More monitoring is not necessarily better monitoring
What gets measured, gets fixed.
Are we measuring the meaningful stuff, or incidentals
Meaningful metrics: quality, quantity and cost
Incidentals – swap, disk space, anything targetted at a specific “problem” condition
There should be (at least) 3 levels of “severity” with appropriate corresponding actions
Major site problem – VIP not working, broken images, error messages, can’t place orders, etc.
Minor site problem – Slow response, error in rare cases, monitoring broken
Not customer-facing – One server or a small number have a problem but VIP is OK
Minor – Node is not down but some resources are out-of-bounds. (swap, disk, cpu etc)
Forensic, correlating – Should not notify anyone, but can be used for additional information
“Critical” is not necessarily important (e.g. NTP can be “critical” but not worth notifying anyone)

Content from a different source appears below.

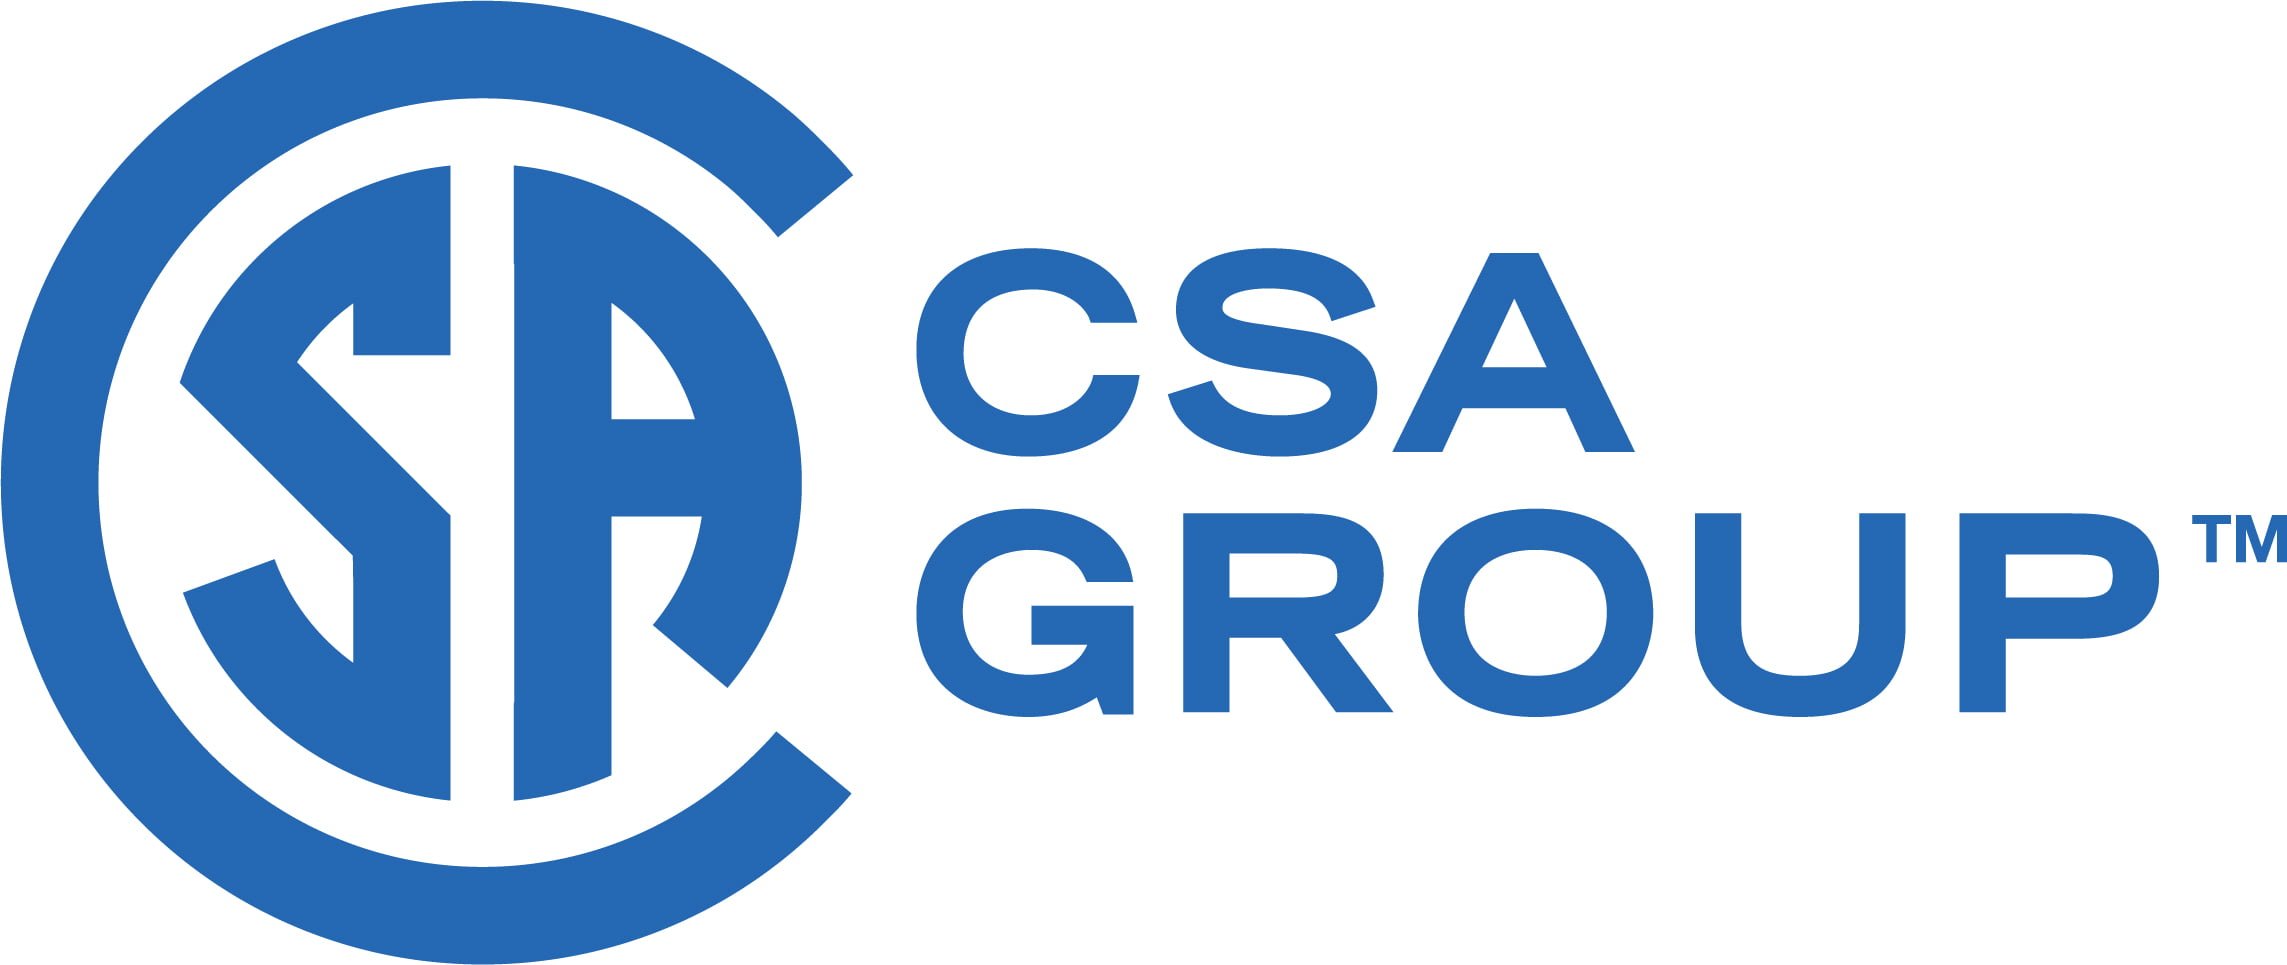 دانلود استاندارد گروه CSA -CSA Group- دانلود پکیج کامل استانداردهای CSA خرید استاندارد CSA

Too many minor alarms can mask important problems and dull our response
Problem: monitoring environment too complex for one person to fully understand
Recent monitoring changes put us at risk
Best subject matter experts don’t understand the monitors well
Monitoring specialist doesn’t know the specifics of each service
Monitoring specialist is not the best person to have the primary responsibility for monitoring
Someone should review the service and tune the monitors, using monitoring specialist as a resource
Every monitor should be well described, including impact, probable causes, troubleshooting info
Lots of monitors in red/yellow/orange state for a long time means it’s tough to find interesting/relevant problems.
Chronic, frequent problems that don’t need a response are good candidates for nuking.
Sheer number of monitors makes it hard to evaluate whether monitoring is working right
Periodic review of disabled monitors (automatic report would be better).
Disabled notifications should be tracked by a ticket; when closing, reopen if the monitor is still disabled.
Don’t disable “checking”, only disable “notifications”, system should keep checking/recording.
Without knowing specifically what you’re monitoring (though I can guess readily enough), it sounds like you’ve got most of the bases covered with your thoughts there. Sounds like there’s a lot going on.
Like you wouldn’t believe.
Fuck yeah, dude. This whole thing should be sent to jw and C, stat. ;)